Davoka got to her feet, arms raised to bathe in the heat, reciting in Lonak, “At the count of two hundred and twenty past the fall of the sun on the third day of the sixth month, Nishak speaks and blesses the south face of the mountain. Know this and mark it well, for Nishak is the most generous of gods.”
◆ ◆ ◆
The descent of the north side of the Mouth of Nishak took most of the nigh
t. There was less ash on these slopes and Lyrna found the going easier, though the growing chill as they left the fiery warmth of the mountain behind made her pine for her heavy riding gown.

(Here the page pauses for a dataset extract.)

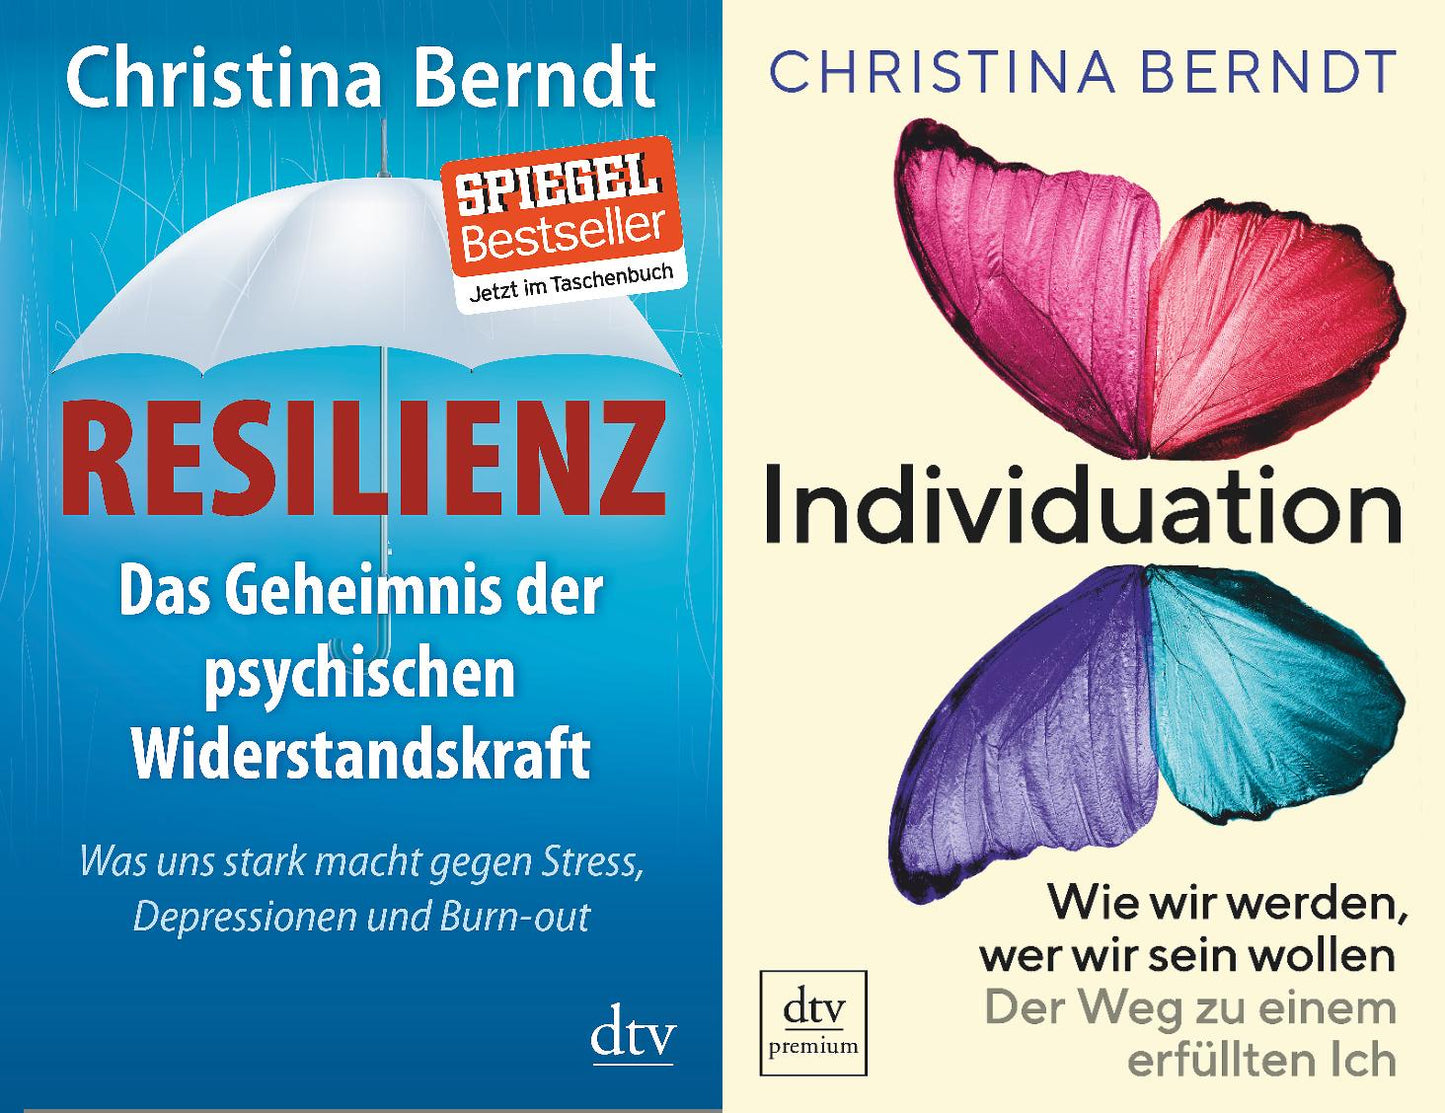 Resilienz + Individuation von Christina Berndt im Set plus 1 exklusives Postkartenset

They made shelter on a narrow ledge snaking alongside the base of the mountain, a rocky overhang providing shelter from a fresh downpour. Davoka allowed their first fire in days, fashioned from the stunted gorse bushes that sprouted between the rocks. Lyrna kept as close to it as she could, too chilled to sleep. Davoka took the first watch as the men slept, the brothers in eerie silence, Smolen tossing fitfully. She sat on the lip of the ledge, long legs dangling over the sheer drop of more than a hundred feet, spear within easy reach.
“I regret my anger,” Lyrna told her through chattering teeth. “My words were foolish. I didn’t mean to insult your god.”
Davoka shrugged, replying in Lonak. “Your insult means nothing to Nishak. He has always been here. He will always be here. Whenever the Lonakhim have need of fire.”
“I-I’m sorry, also, for your . . .” Lyrna spasmed with cold and forced the last words out. “. . . sister. A death like that, is n-not to be wished on . . . anyone.”
Davoka turned to her, eyes narrowed in concern. She rose and knelt by Lyrna, taking hold of her hands then touching knuckles to her forehead. “Too cold, Queen.”
She shrugged off her fur vest, placing it around Lyrna’s shoulders then pulling her close, arms and legs wrapped tight around her. Lyrna was too weak to protest.
“My sister lives, Lerhnah,” Davoka whispered to her. “My sister who is not my sister. I feel it. She rages out there in the dark. She’s lost us for now, but she’ll find us soon. Whatever took her chose well, her skills are great indeed.”
“Wh-whatever took her?”
“It was not always this way with her. She was . . . never a warrior. A skilled huntress yes, Kiral means wildcat in the ancient tongue. She could track prey with such skill many thought she carried the gods’ blessing. But she never sought battle, not even against your kind.
“Then came the day she happened upon one of the great apes of the western hills. It was birthing season and they are fierce in protecting their young. Kiral was badly mauled. She lingered for days, seemingly beyond the shaman’s skills. The Mahlessa had given me leave to be at her side for the end. I sat and watched her until all breath was gone. She died Lerhnah, I saw it. It shames me but I wept for my sister, the only tears I have ever shed, for she was precious to me. Then she spoke, she was dead but she spoke, ‘Tears are not fitting for a Mahlessa’s guard.’ I looked into her eyes, her living eyes, and I did not see my sister there, nor have I since.”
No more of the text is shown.